On 7/1/2019 8:28 PM, Terry Reedy wrote:
On
7/1/2019 1:57 PM, Chris Barker via Python-Dev wrote:
This was quite extensively discussed on
python-ideas recently:
https://mail.python.org/archives/list/python-ideas@python.org/thread/RJARZSUKCXRJIP42Z2YBBAEN5XA7KEC3/#WIRID57ESUFUAQQQ6ZUY2RK5PKQQYSJ3
The claim of 'inconsistent results' is based on not reading the
doc.
(I'm finding it hard to find a good thread
view in the new interface -- but that will get you started)
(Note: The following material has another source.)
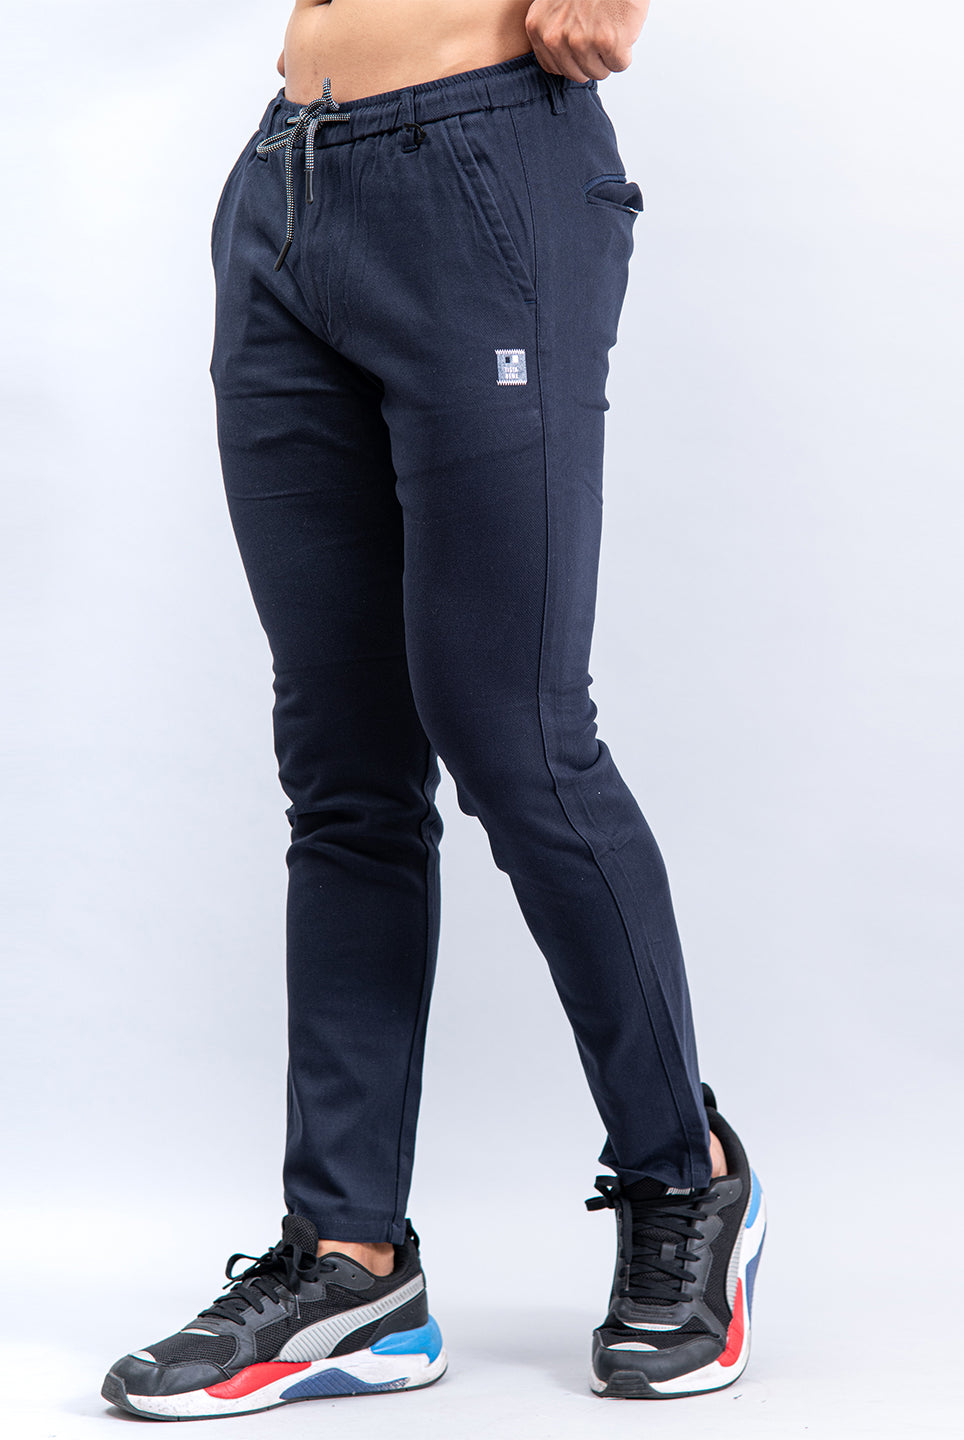 navy joggers for men

My memory of that thread is that there was a lot of bike
shedding, and quite a lot of resistance to adding a couple new
methods, which I personally never understood (Not why we don't
want to add methods willy-nilly, but why there was this much
resistance to what seems like an low-disruption, low
maintenance, and helpful addition)
I did not read much of the thread, but the proposal is to wrap a
near-trivial expression (2 operations) or replace a current method
call with a method call than is more or less the same len as what
it replaces.
>>> 'prefix_more_suffix'[len('prefix'):] # if know s
begins with p
'_more_suffix'
>>> 'prefix_more_suffix'.replace('prefix', '')
'_more_suffix'
>>> 'prefix_more_suffix'.strip_pre('prefix') # proposed
Your example isn't equivalent: .replace would replace multiple
instances of prefix, not necessarily at the beginning. The
.strip_pre (however spelled) would strip one instance, only if it is
at the beginning.
The more I thought about this, the more I think a more functional
goal is a variation of replace that works only on one end or the
other, rather than a variation of strip. I outlined that in a
different branch in this thread.
The other documentation issue I noticed is that the 2nd and 3rd
parameters to startswith and endswith are not fully documented.
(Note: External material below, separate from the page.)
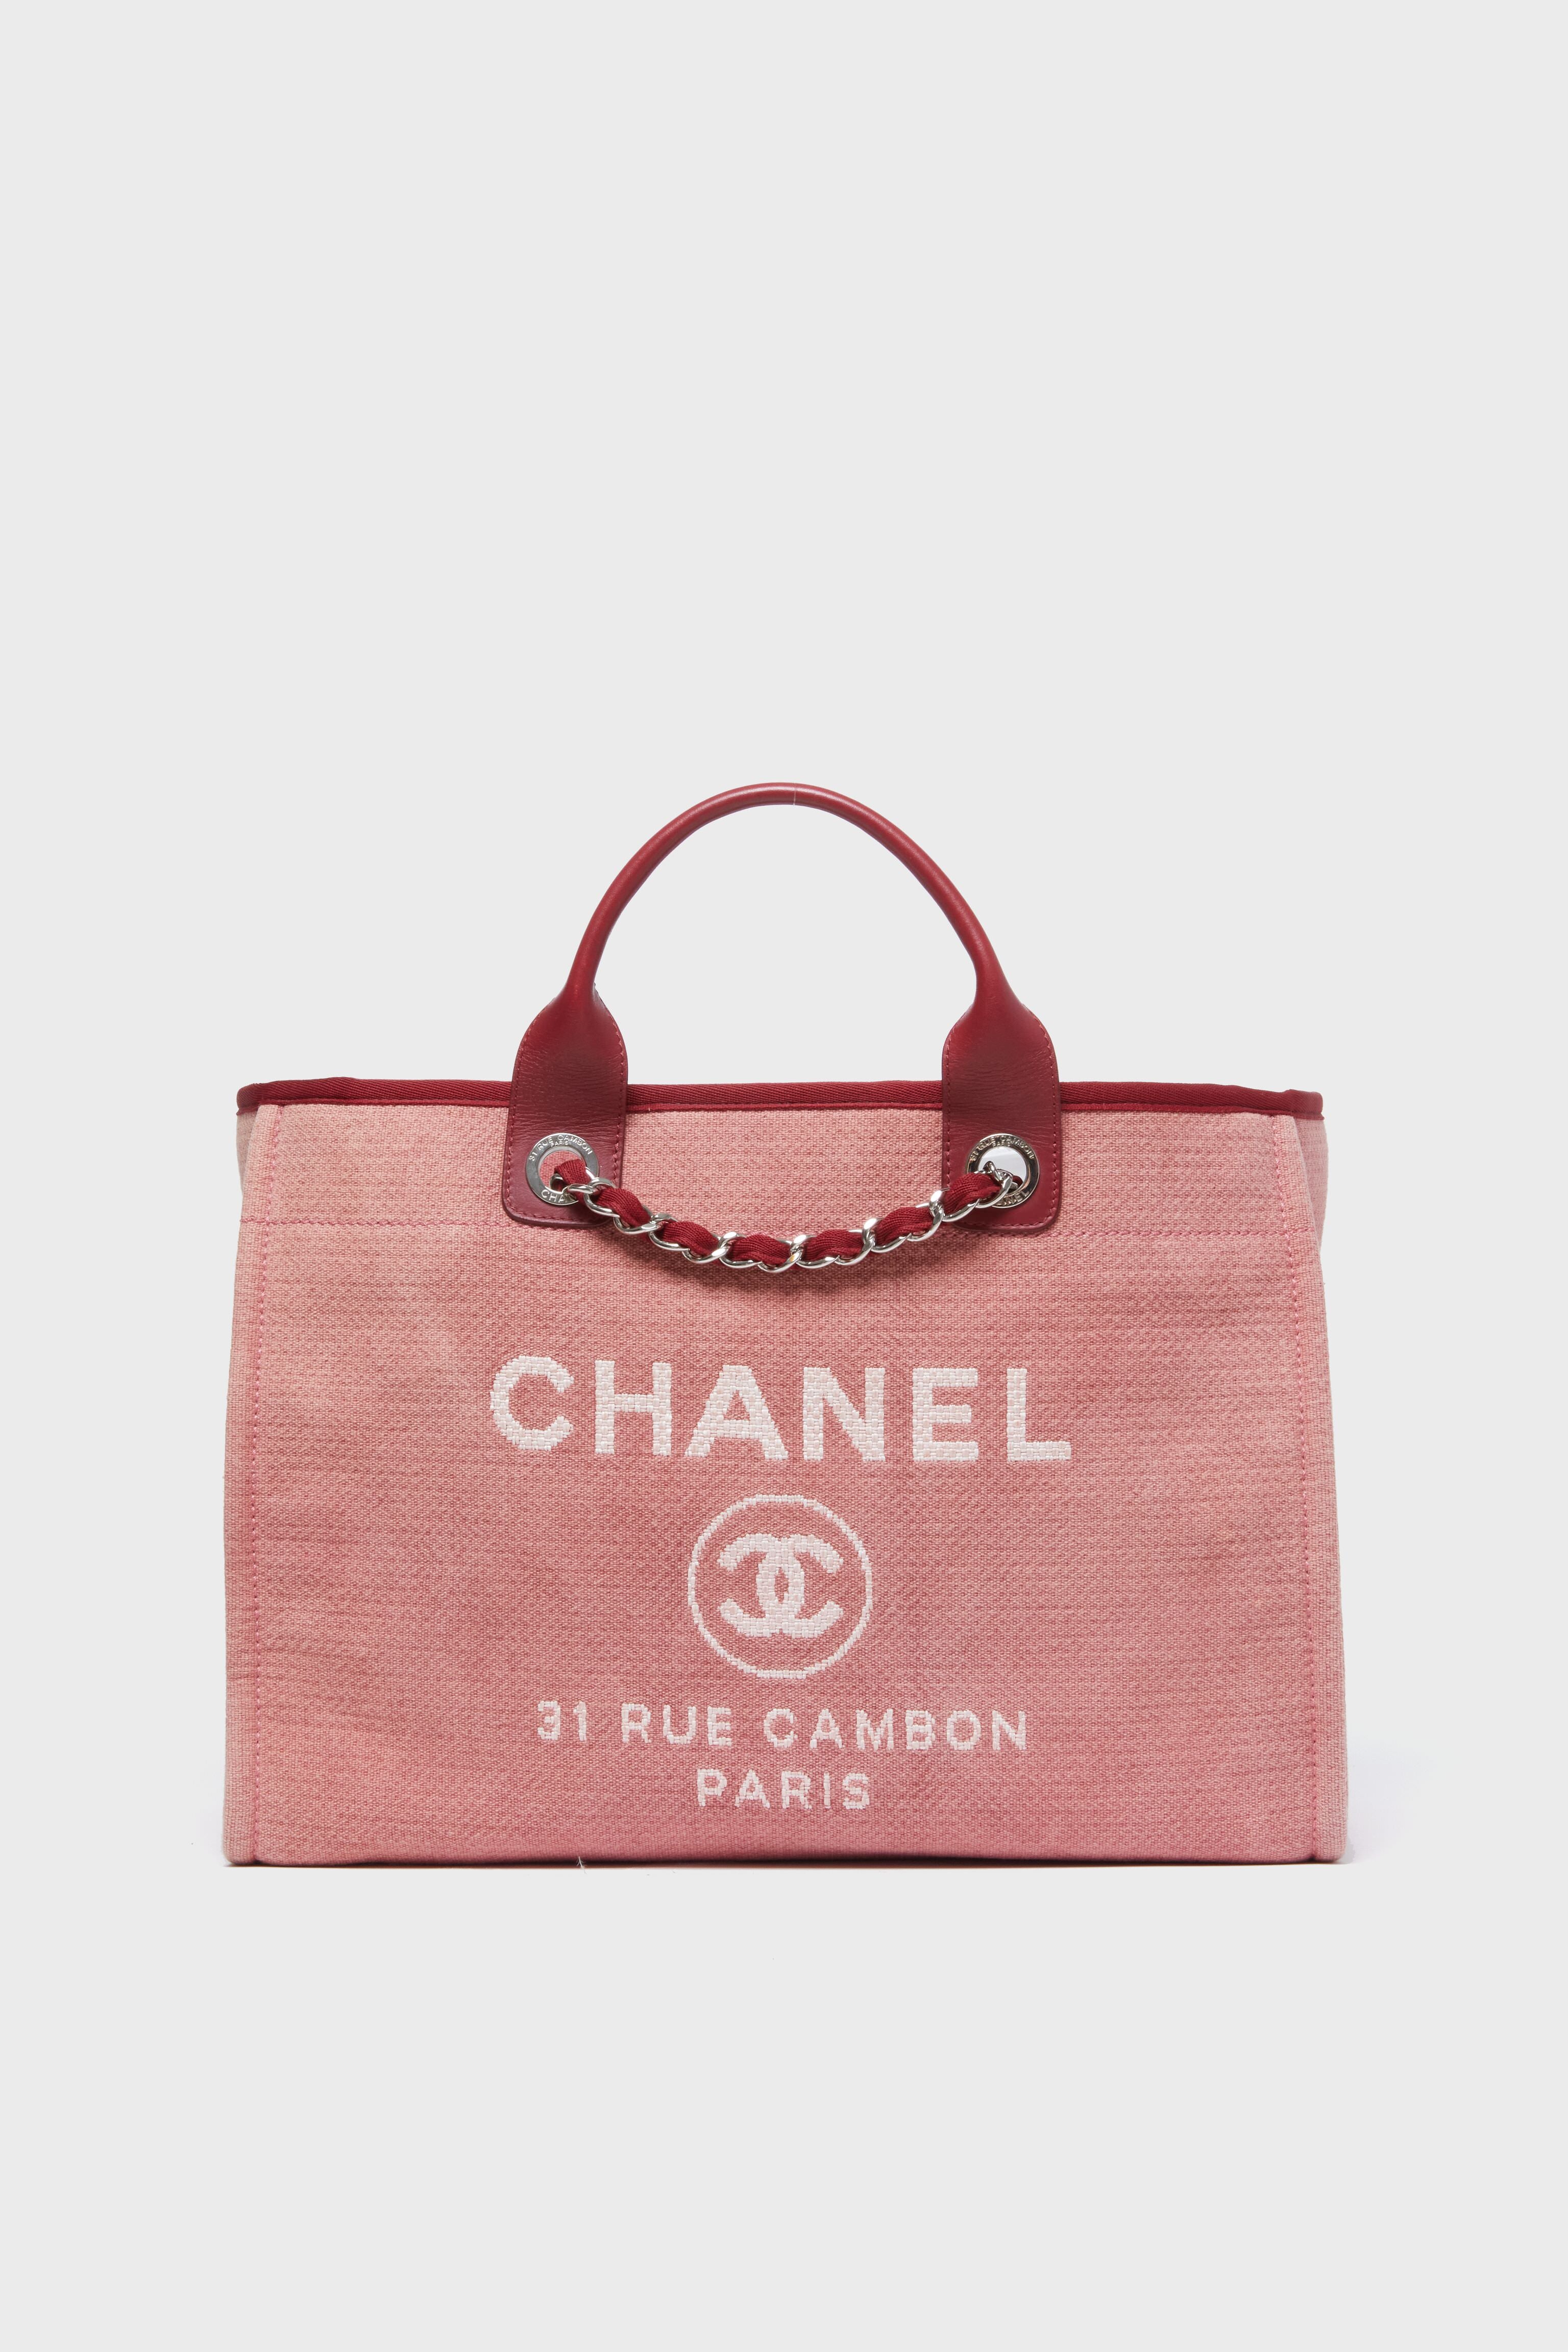 CHANEL Pre-Owned 2012 Deauville Canvas Tote Bag - Farfetch

Typically startswith and endswitch are in the logic prior to the
strip/replace operation, and typically only use the first parameter,
but looking at their documentation as part of this discussion, I
found it lacking.
A method could raise instead of returning the string as-is if the
prefix is not really a prefix. How often is this needed? The
most common end deletions are whitespace, which the current .strip
handles correctly.
raising wouldn't be helpful in most of the situations where I use
this logic... it would require a more complex flow control than the
if startswith path in the current situation.
Yes, I use strip more frequently, but if startswith: chop_prefix
operation (and the other end too) happens an awful lot.